Head of the House of Thurn and Taxis
- Tenure: 14 December 1990 – present
- Predecessor: Johannes
- Heir presumptive: Friedrich
- Born: 24 June 1983 (age 43) Regensburg, Bavaria, Germany

Names
- German: Albert Maria Lamoral Miguel Johannes Gabriel Fürst von Thurn und Taxis
- House: Thurn and Taxis
- Father: Johannes, 11th Prince of Thurn and Taxis
- Mother: Gloria, Princess of Thurn and Taxis
- Religion: Roman Catholic
- Categorisation: FIA Silver

= Albert von Thurn und Taxis =

German aristocrat and race car driver (born 1983)

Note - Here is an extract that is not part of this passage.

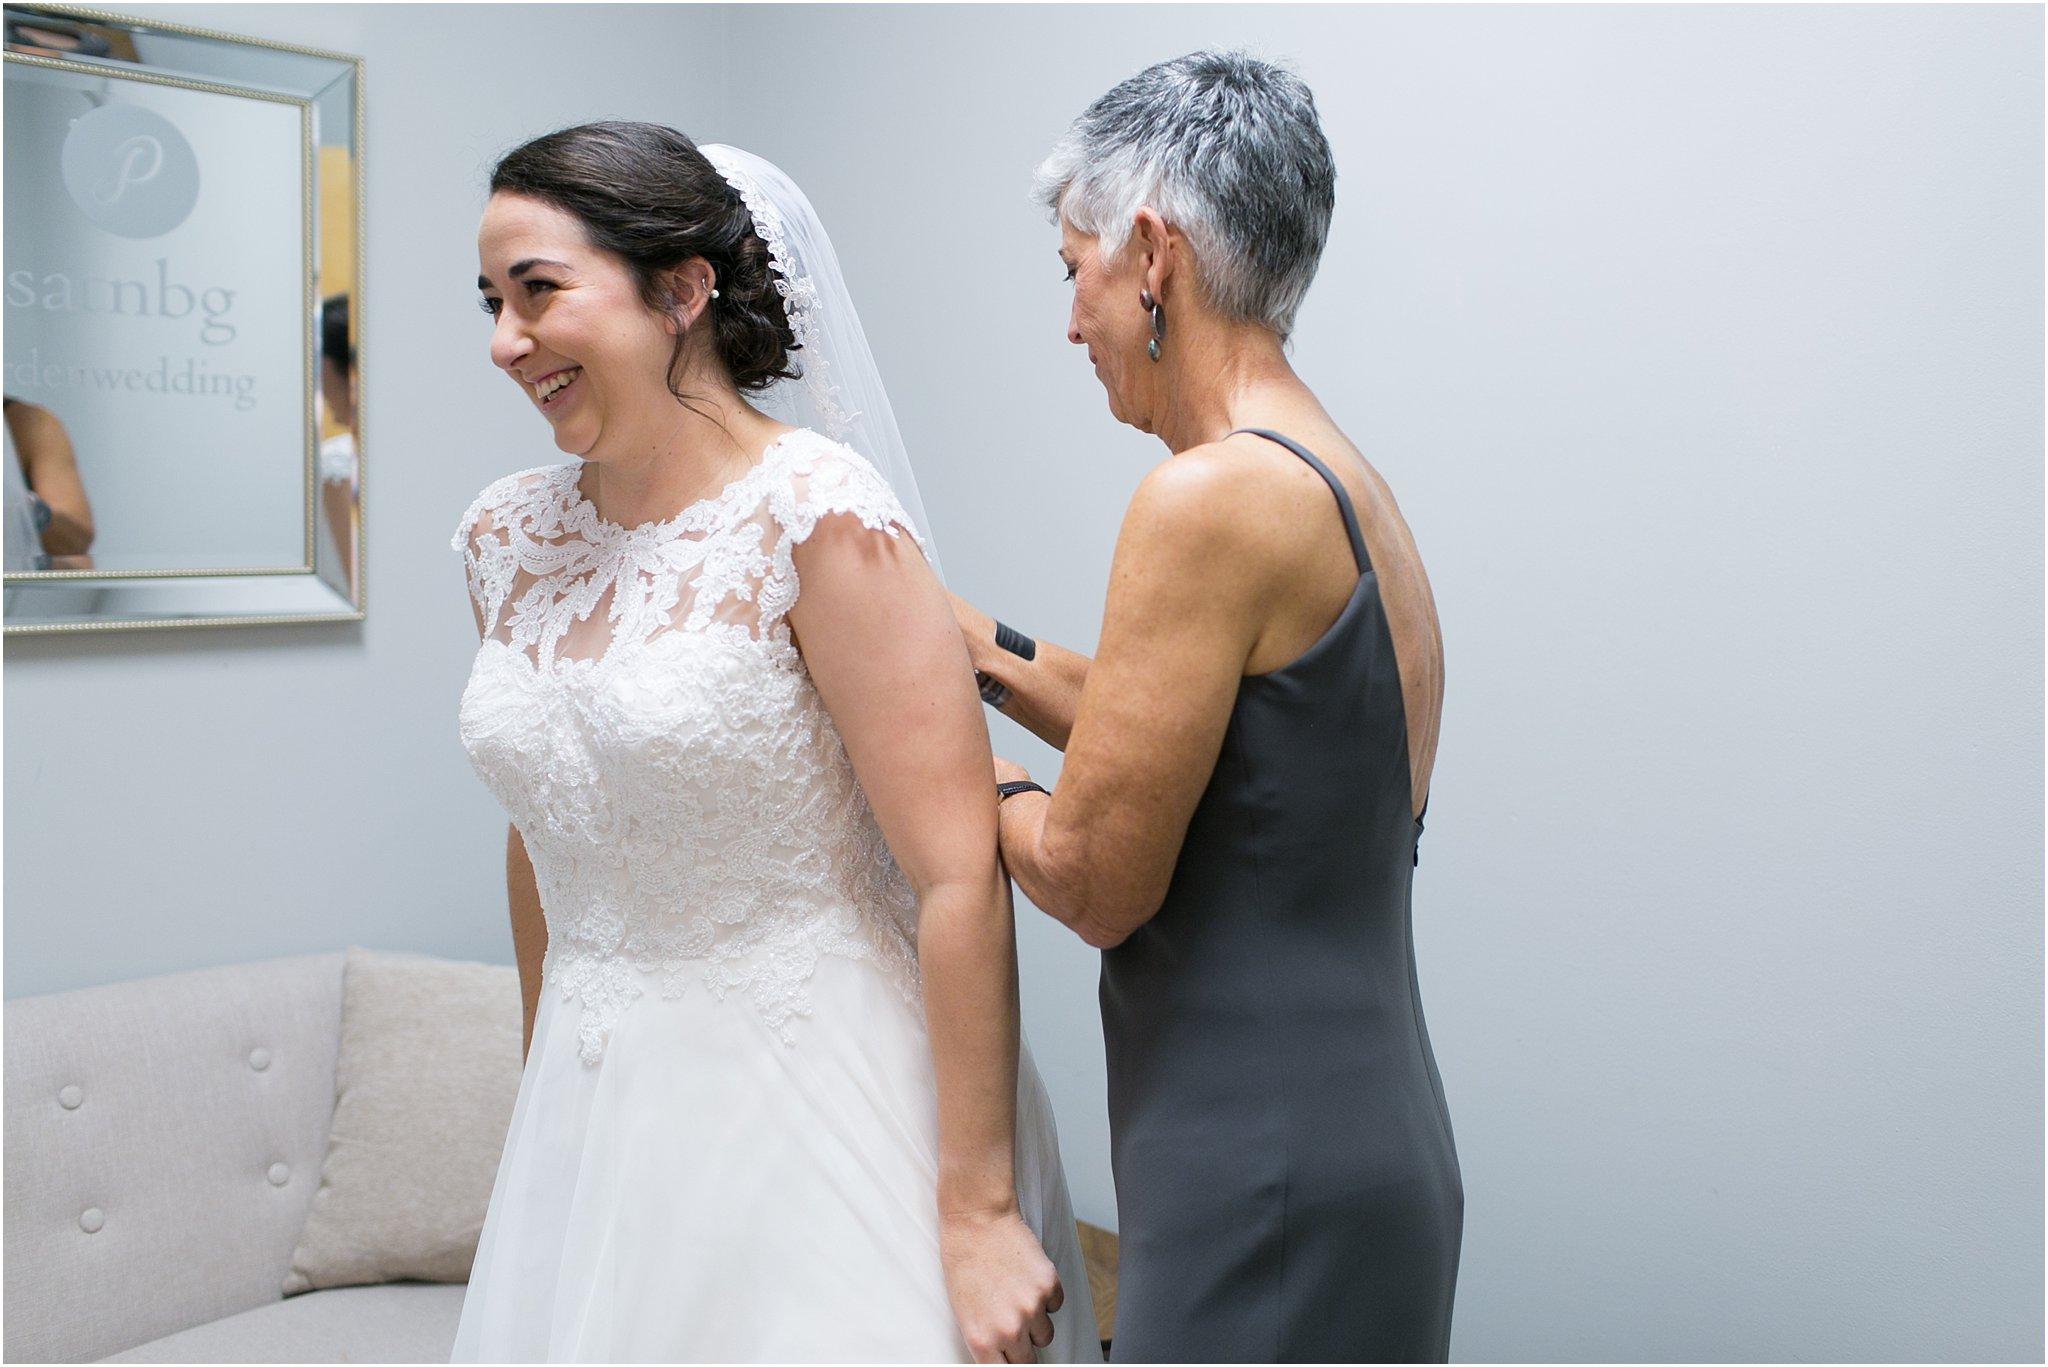 jessica_ryan_photography_virginia_wedding_photographer_wedding_hurricane_norfolk_botanical_gardens_hurricane_matthew_wedding_3549

Albert, 12th Prince of Thurn and Taxis (Albert Maria Lamoral Miguel Johannes Gabriel Fürst von Thurn und Taxis, /de/; born 24 June 1983), is a German aristocrat, businessman and race car driver. He has been listed as the world's youngest billionaire many times since his father's death in 1990, first appearing on the list when he was eight years old.

==Biography==

=== Family ===
Through descent from King Miguel I of Portugal, Albert is related to several reigning hereditary heads of state in Europe. He also descends from the dynasties of Wittelsbach, Saxe-Coburg-Gotha, Braganza and the House of Habsburg-Lorraine. The House of Thurn und Taxis is a German family whose fortune derives from the appointment of an ancestor, Leonhard von Taxis, as hereditary postmaster general of the Holy Roman Empire in 1595. Albert's father preceded him as the head of this family, which has several branches. The family of Thurn und Taxis remains well known as owners of breweries and former builders of castles. The family seat is Saint Emmeram's Abbey.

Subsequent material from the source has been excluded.